With that in place I can re-run synthesis, run implementation and generate a bitstream for my KU3.

Deploying and testing

With the bitstream generated, I can open the Hardware Manager. After connecting to my device I can use the Program Device option, which will auto-populate with my bitfile and debug probes file, hit Program and wait for the magic to happen.

Program Device

Once programmed, if all works well Vivado will automatically open a VIO dashboard window. In that window you can hit the green + to add the input and output probes.

Adding Probes

With that open I can start poking at the data_in signal and watch the updates reflect in the data_out signal.

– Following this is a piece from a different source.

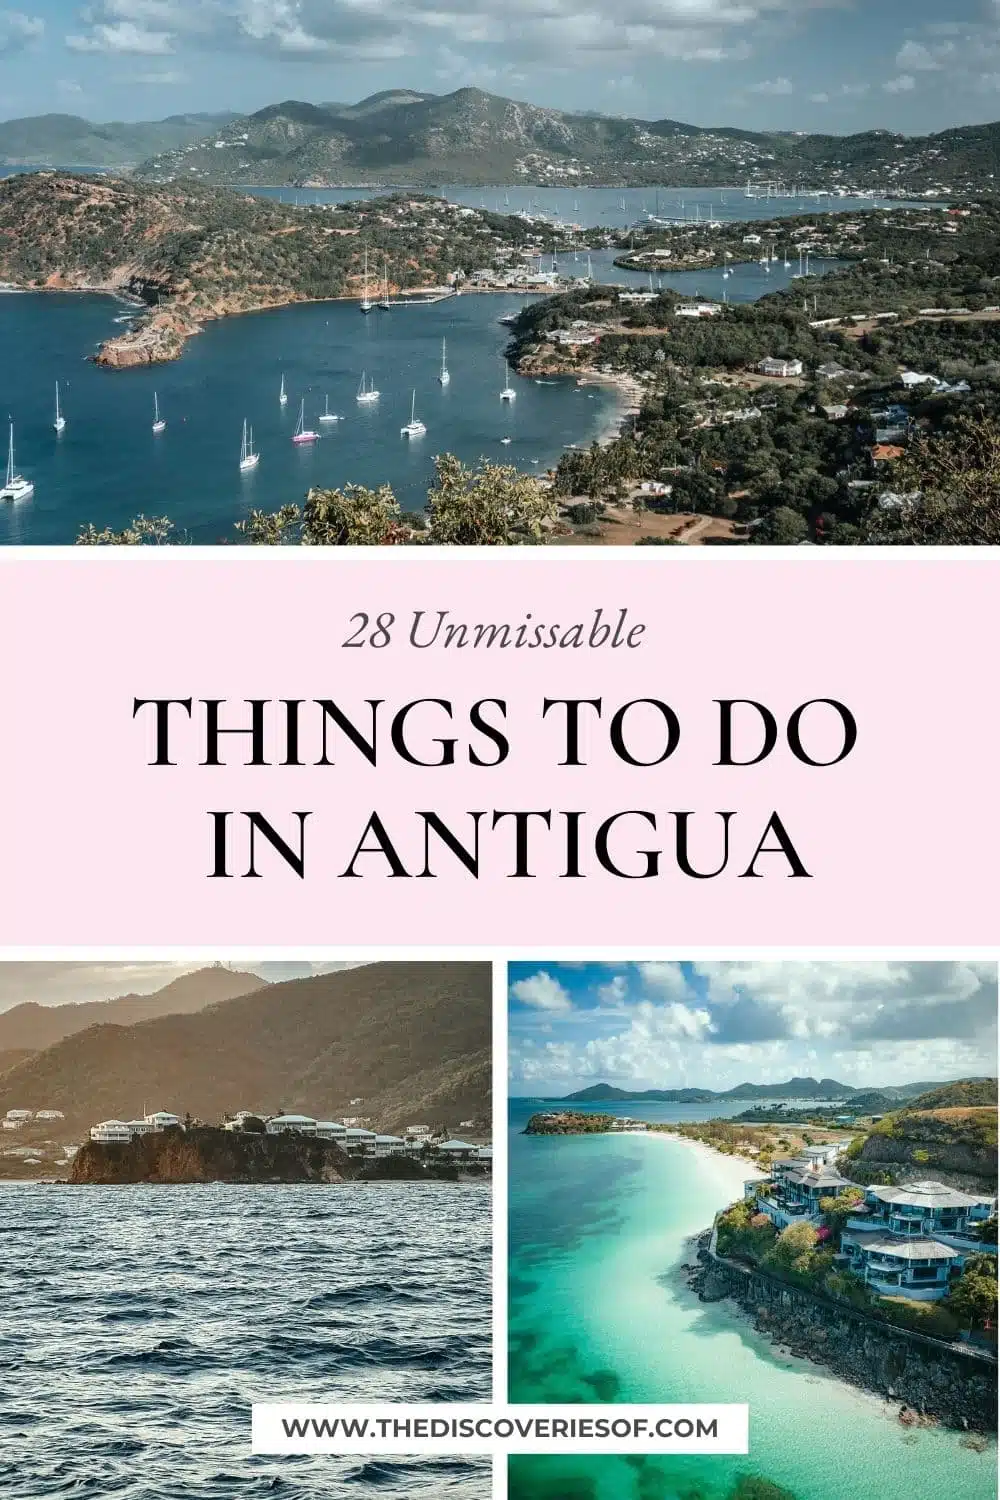 Things to do in Antigua Triple Pin

Peeking and poking signals

Conclusion

With all this setup I have an easy means to do some interactive control with designs that are running in a live FPGA. I hope other Vivado noobies can follow this guide to help in their digital design adventures. If you follow this guide and run into any issues reach out to me and I’ll try to help you out.

I’d like to thank JT Kellington, Kevin Irick and Mark Paluszkiewicz for offering their help and experience. I ran into many issues trying to hack my way through this and their assistance was extremely helpful in getting this up and running. Thank you!